# DESCRIPTION OF THE TASK
Please write out every line of the listing without alteration, but omit the images.

# DATA EXTRACT
******************************
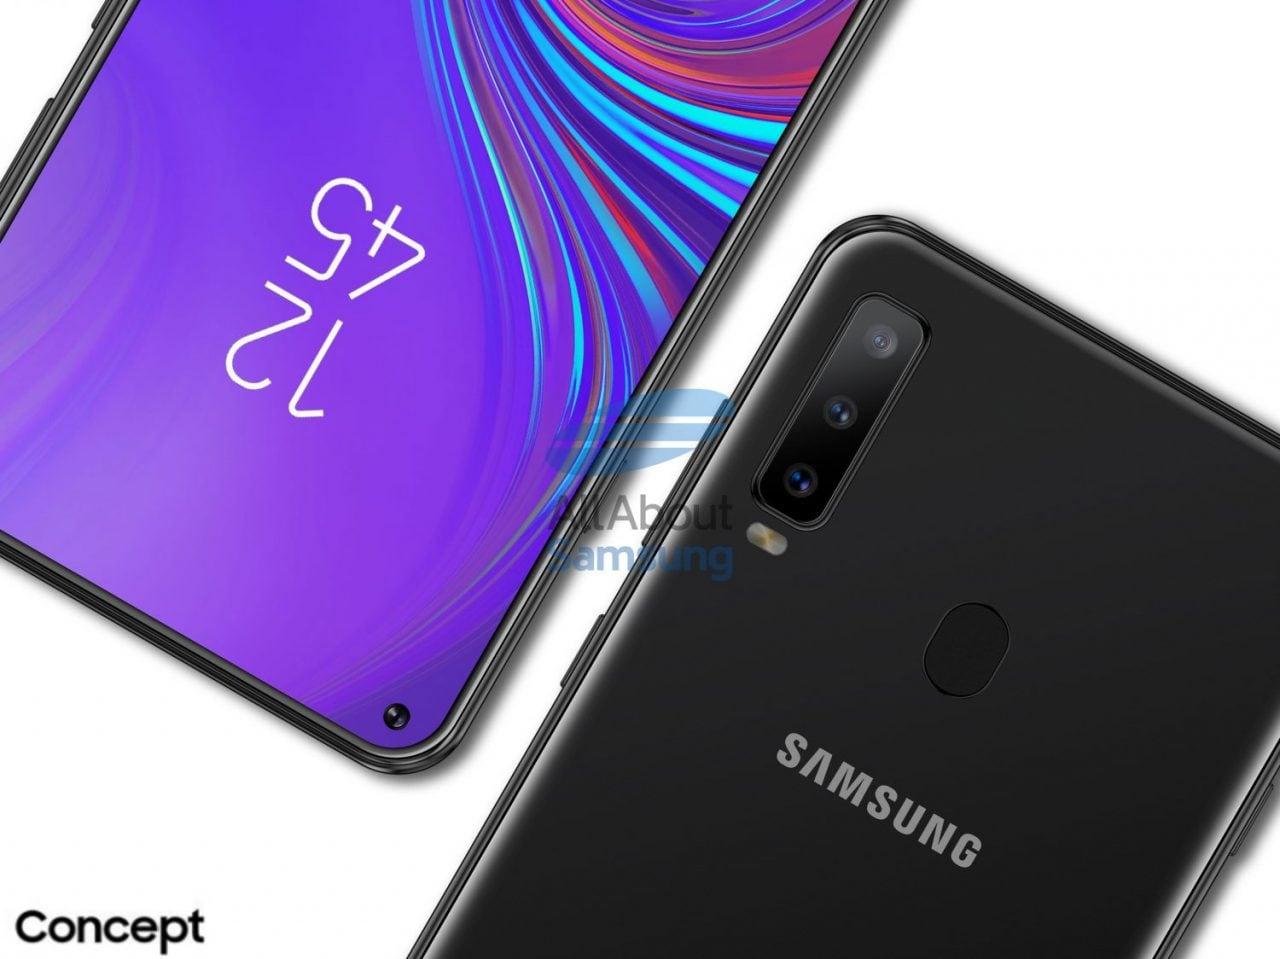 Il buco nel display di Galaxy A8s è confermato da questo screenshot senza alcun foro
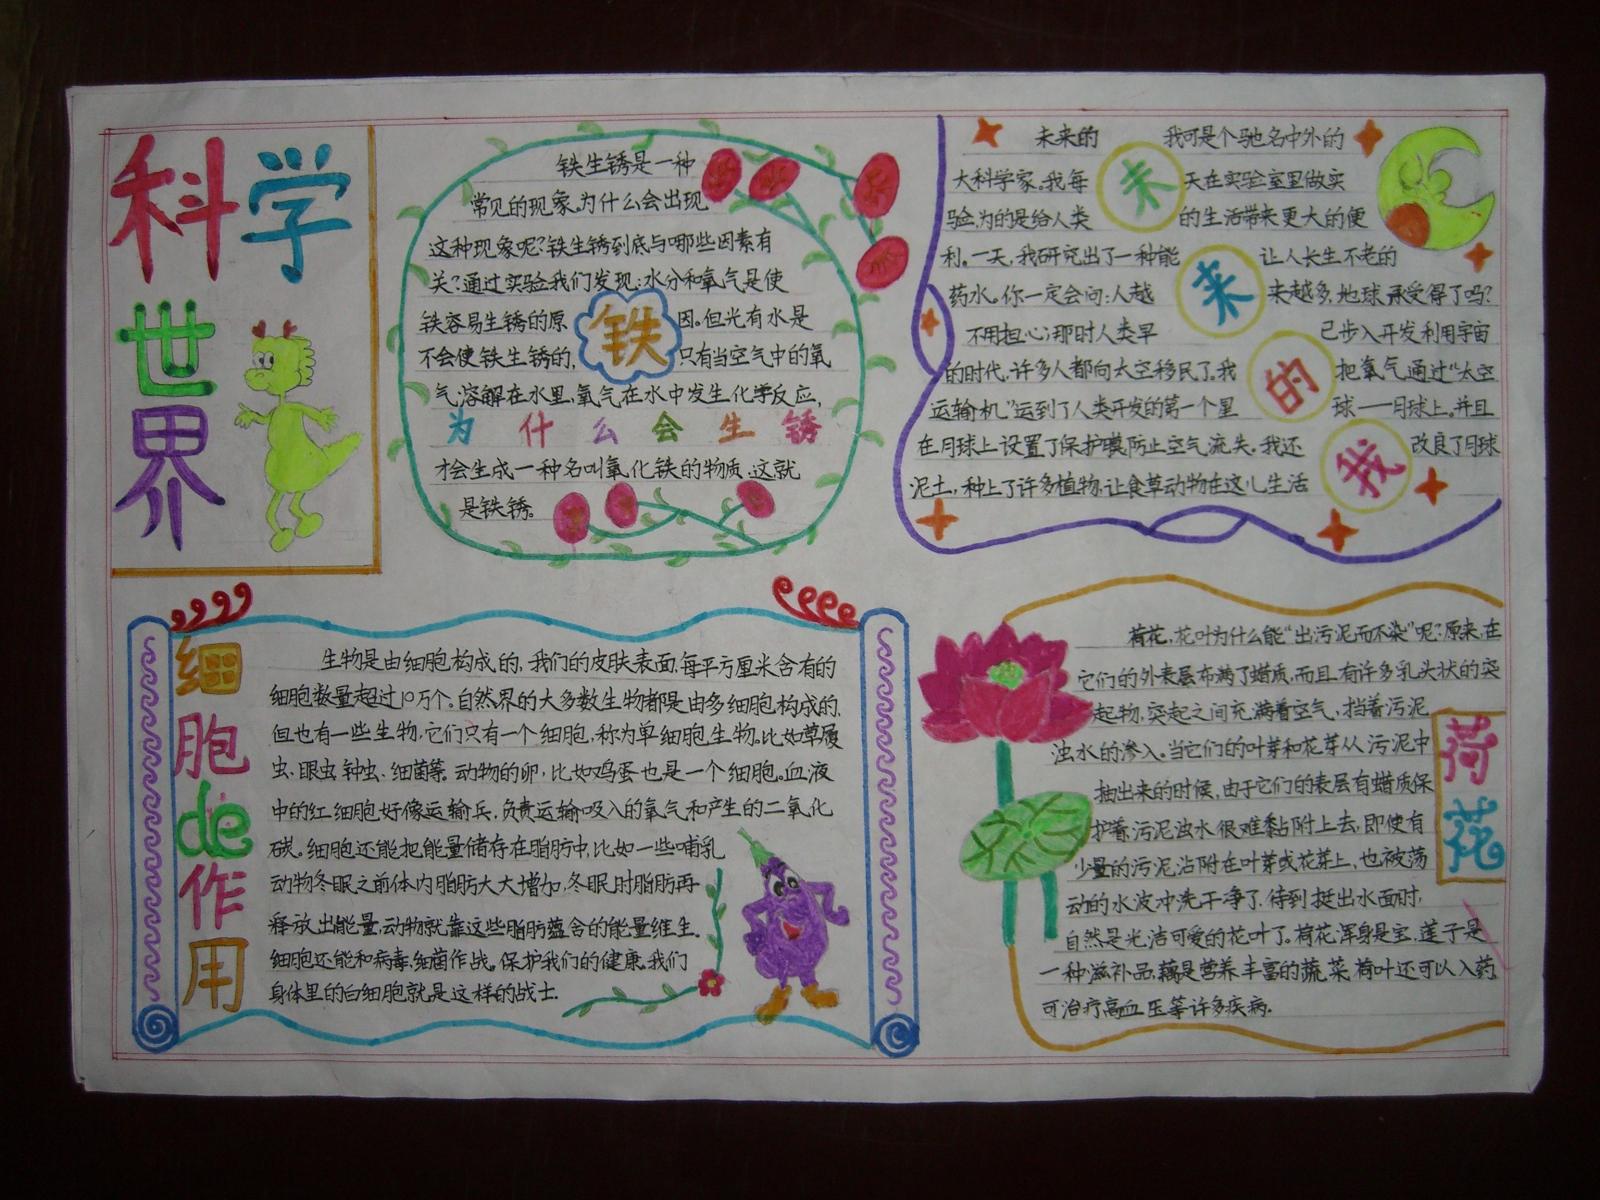 手抄报:科学世界_初一课外阅读_沪江中学   小学生语文手抄高清图片
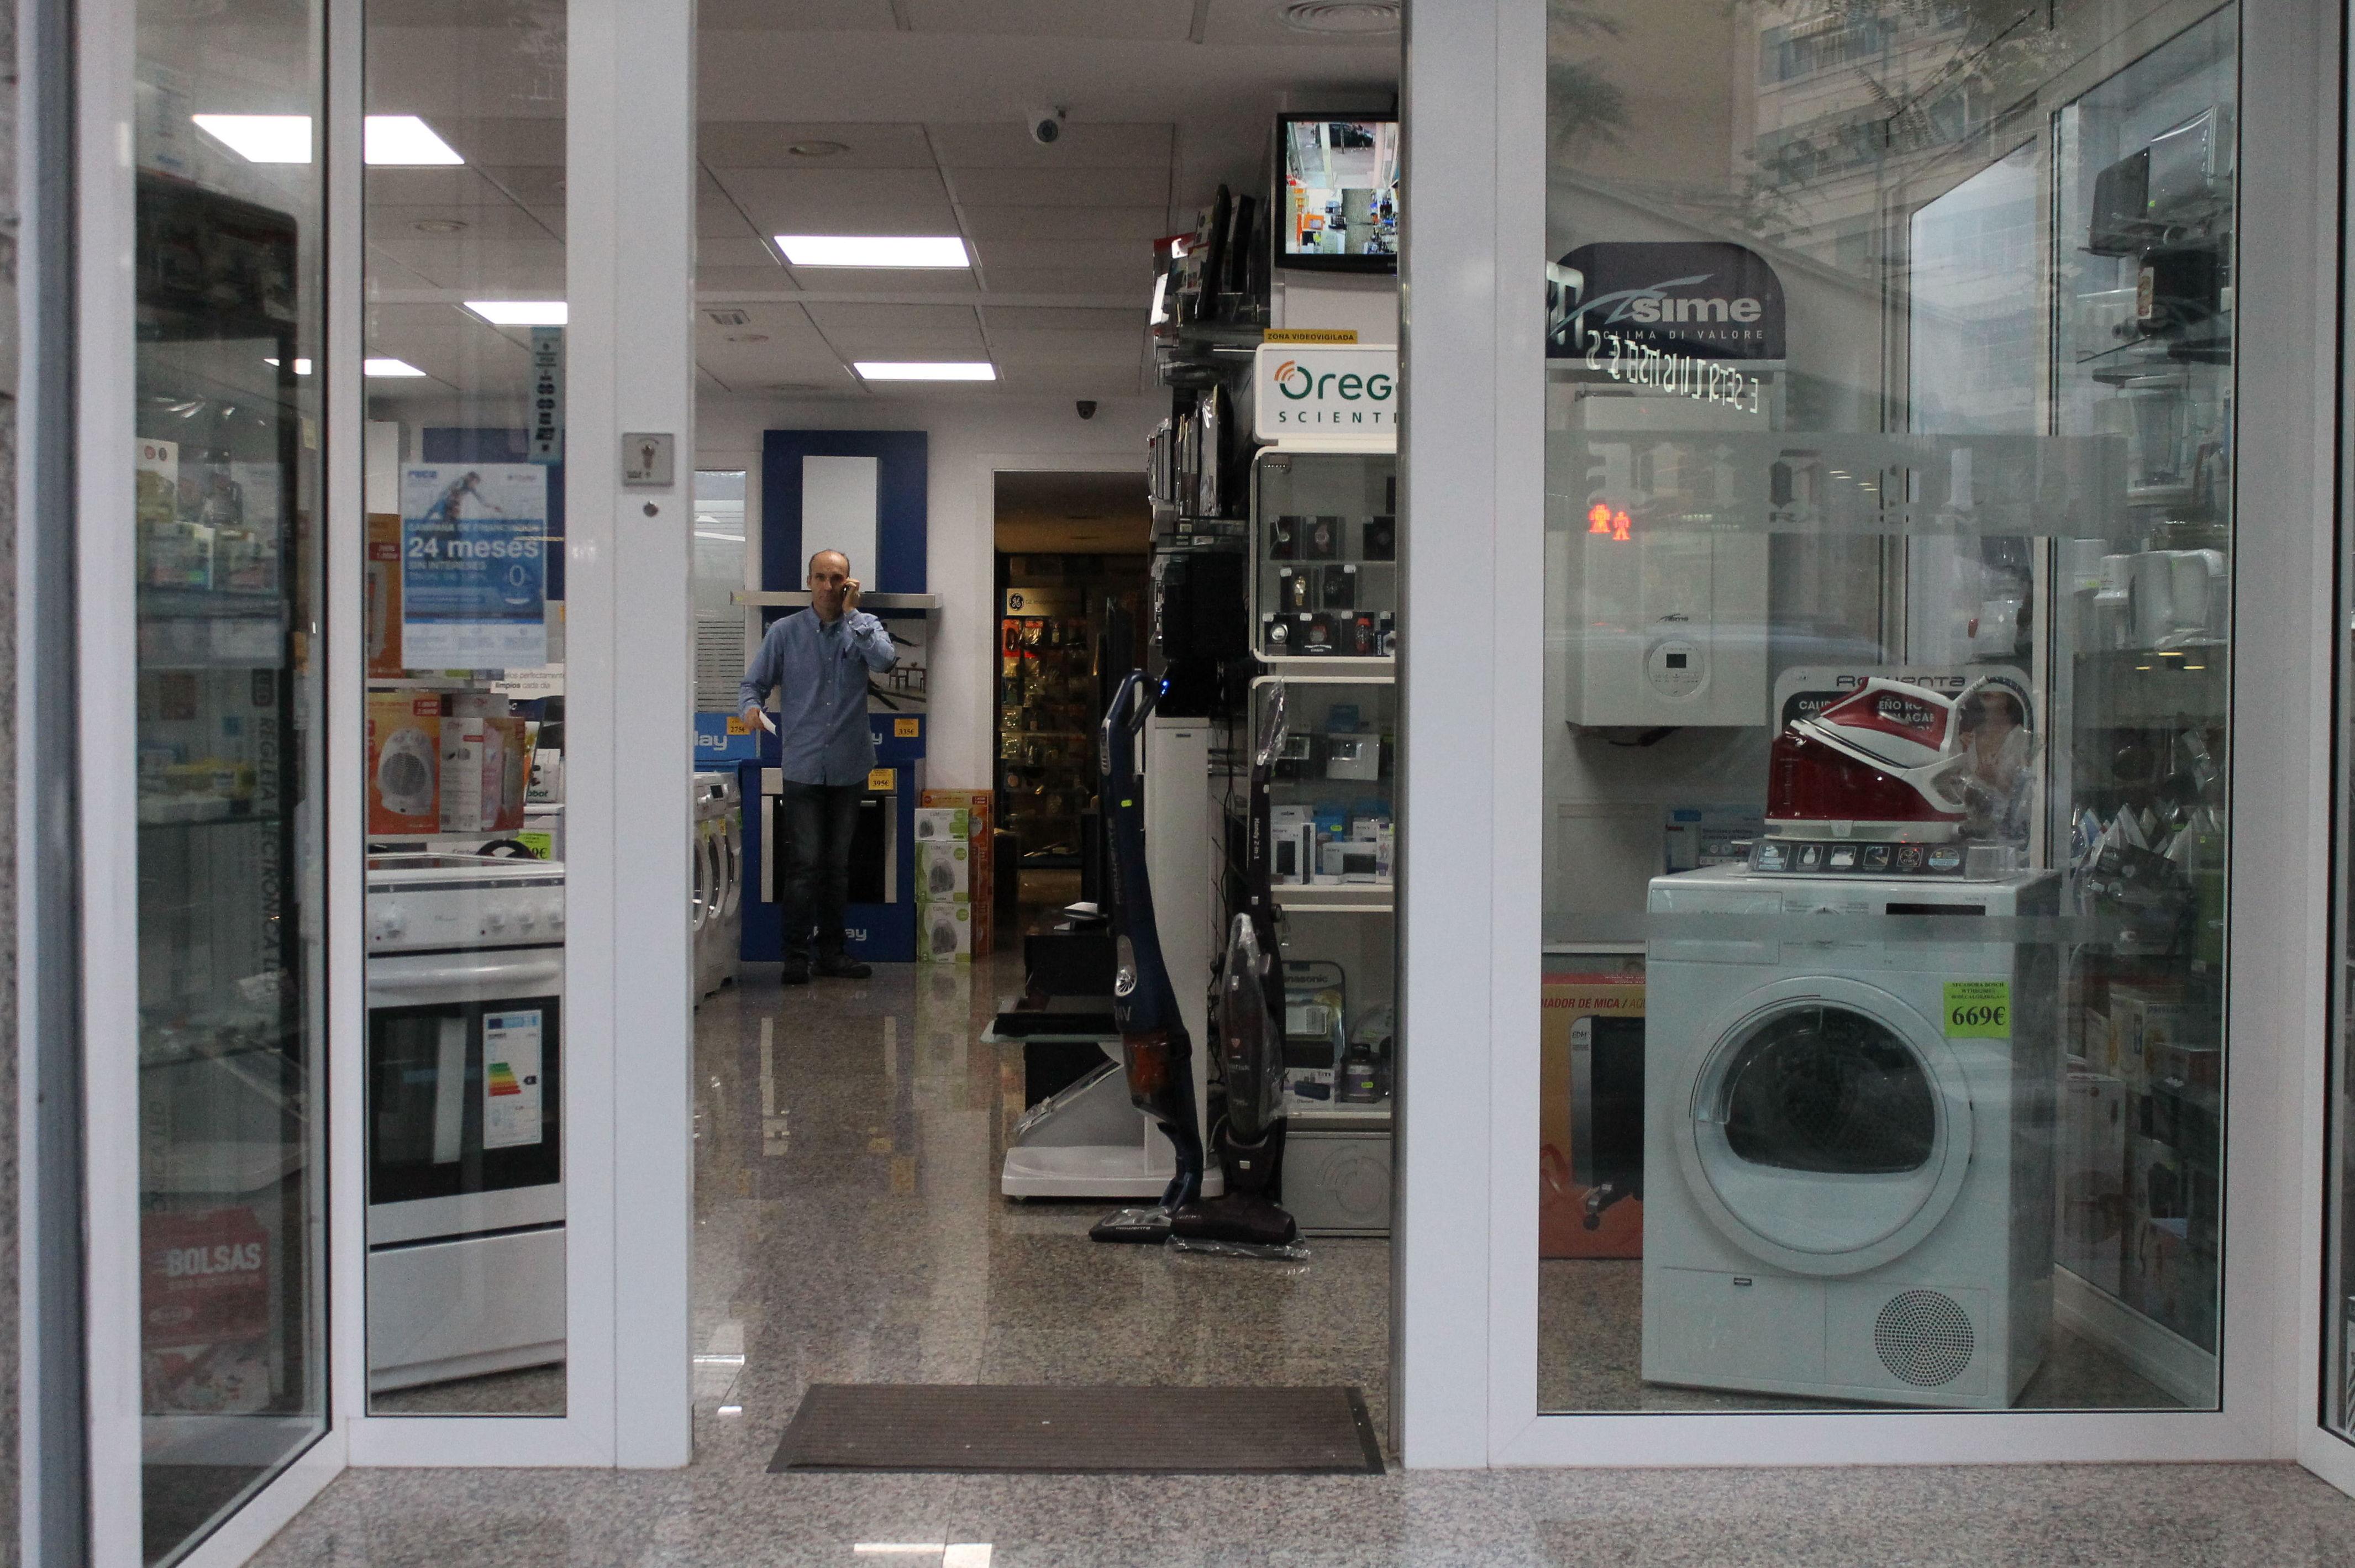 Instalación, venta y reparación de electrodomésticos en Tarragona
******************************
# THE ANSWER
 Il buco nel display di Galaxy A8s è confermato da questo screenshot senza alcun foro
 手抄报:科学世界_初一课外阅读_沪江中学   小学生语文手抄高清图片
 Instalación, venta y reparación de electrodomésticos en Tarragona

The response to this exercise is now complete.